Fare un vino


A volte insieme al vino crescono le persone che lo fanno; è una sorta di maturazione parallela che porta a consolidare alcuni punti fermi. Il vino che versiamo nel bicchiere è il risultato della combinazione del pensiero dell’uomo con l’ambiente naturale. I cardini del pensiero del produttore di vino possono derivare da una dottrina, da una scuola, da una tradizione o da un pregiudizio; sicuramente derivano da una cultura. E più questa cultura sarà complessa, aperta e ricettiva, più i risultati saranno esaltanti.

Metodo Luretta Quando una concezione quasi utopica dell’idea di vino, da perseguire a prescindere dalle condizioni, si incontra con un approccio pragmatico che sceglie la strada più adatta senza timore di sbagliare, succede che un sogno si possa avverare.
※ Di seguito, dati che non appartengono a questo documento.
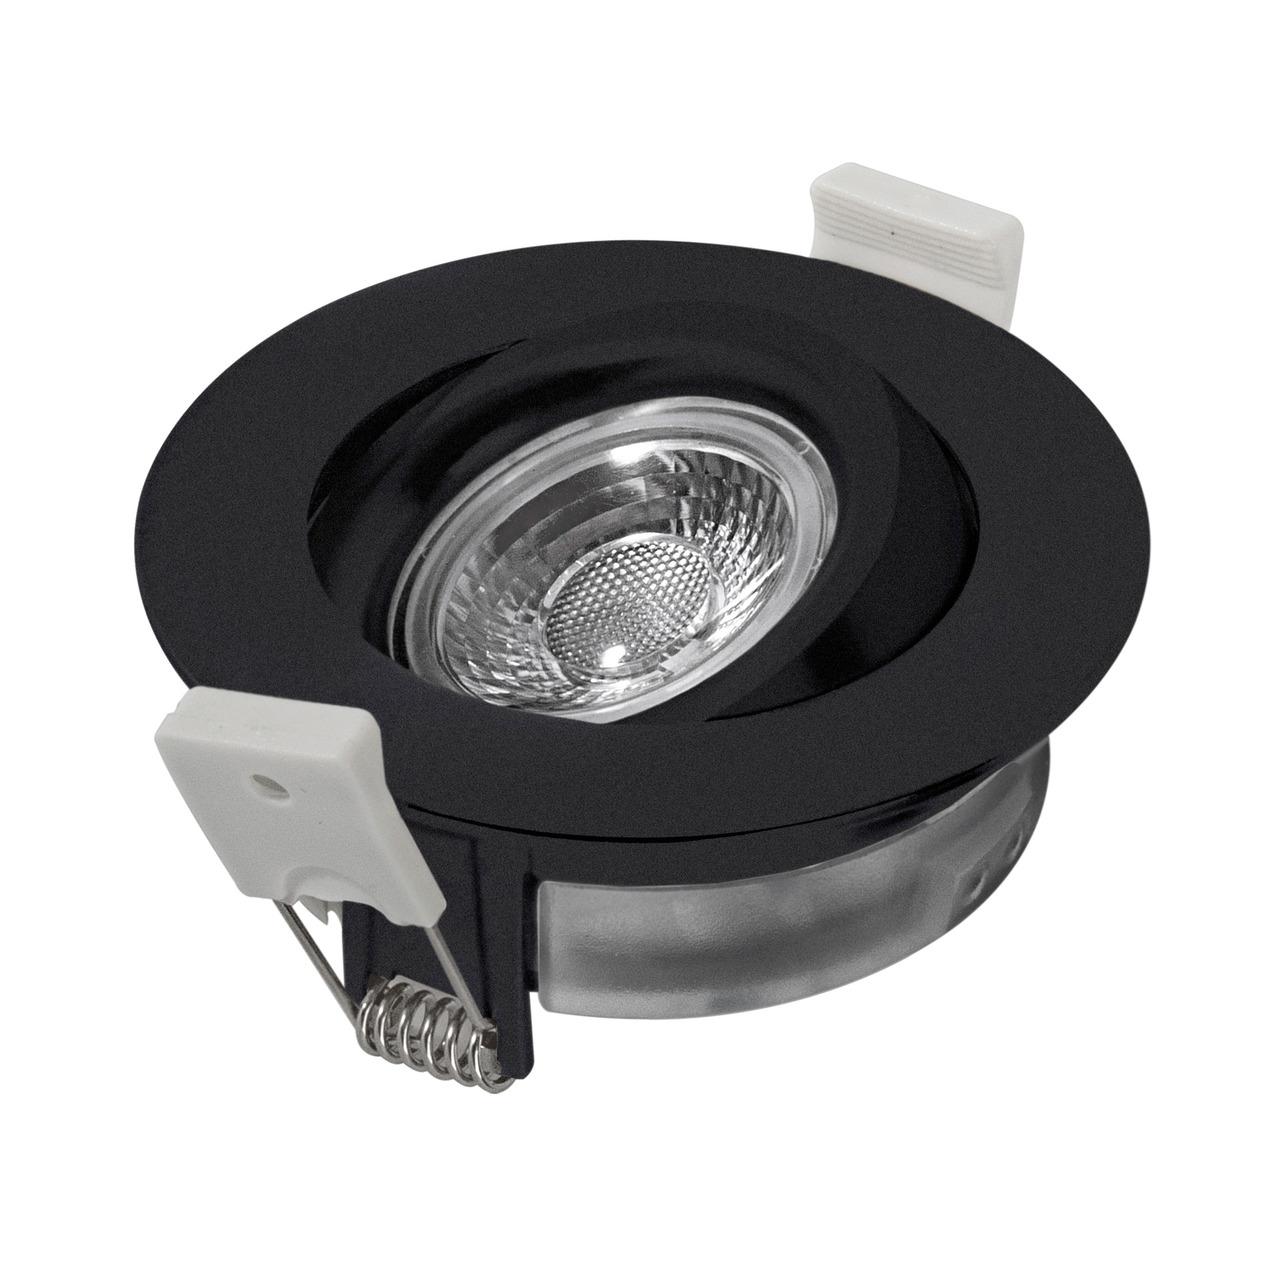 HEITRONIC 7-W-LED-Einbaustrahler DL6809- dimmbar- schwenk- und drehbar- IP44- schwarz

Da più di trent’anni Luretta alleva le viti e produce il vino con un’impostazione inedita nella zona, che unisce diverse culture enologiche in una sintesi in continua evoluzione; reinterpretare il territorio è l’unico modo per tentare di avvicinarsi a quell’idea di vino.


Il metodo


L’esperienza ci ha insegnato che le condizioni naturali di crescita e sviluppo delle piante ne diminuiscono la produzione in quantità ma la rendono di qualità superiore. Per questo lasciamo incolto per tre anni il terreno in cui viene impiantata la vite, per darle la forza derivante dalla necessità di nutrirsi in una situazione competitiva con la vegetazione circostante. La totale assenza di concime e di irrigazione evitano che la pianta rimanga in superficie e fanno si che le radici si sviluppino verso il basso per trovare l’acqua. Il frutto di una pianta che non viene stressata per aumentare la produzione di uva è imperfetto, gli acini sul grappolo sono radi e più piccoli. Il vento si insinua negli spazi del grappolo spargolo evitando la formazione di muffe e parassiti e il conseguente utilizzo di prodotti chimici sistemici. Gli unici interventi dell’uomo sulle piante, riguardano la profilassi anti-parassitaria con zolfo e rame, trattamenti esterni che non si combinano con il frutto e non arrivano nel bicchiere.

Castello Momeliano Il metodo naturale, non inquina e non consuma acqua. Se normalmente si possono ottenere 120 q.li per ettaro, i vigneti Luretta ne producono 60. Non diminuisce il numero di piante per ettaro ma il numero di grappoli per pianta. Si potrebbe dire che ogni pianta produce una bottiglia. Da queste scelte severe e pragmatiche deriva il rispetto dei criteri dell’agricoltura biologica che viene sottoposto al controllo periodico dell’ICEA/AIAB (Associazione Italiana Agricoltura biologica) cod. oper. H821. I vini trascorrono il periodo di affinamento e invecchiamento in barriques di rovere di Allier nelle cantine del castello di Momeliano, in un ambiente vocato alla strutturazione del vino. I nostri metodi di vinificazione non sono rigidi, si adattano alle caratteristiche delle diverse annate.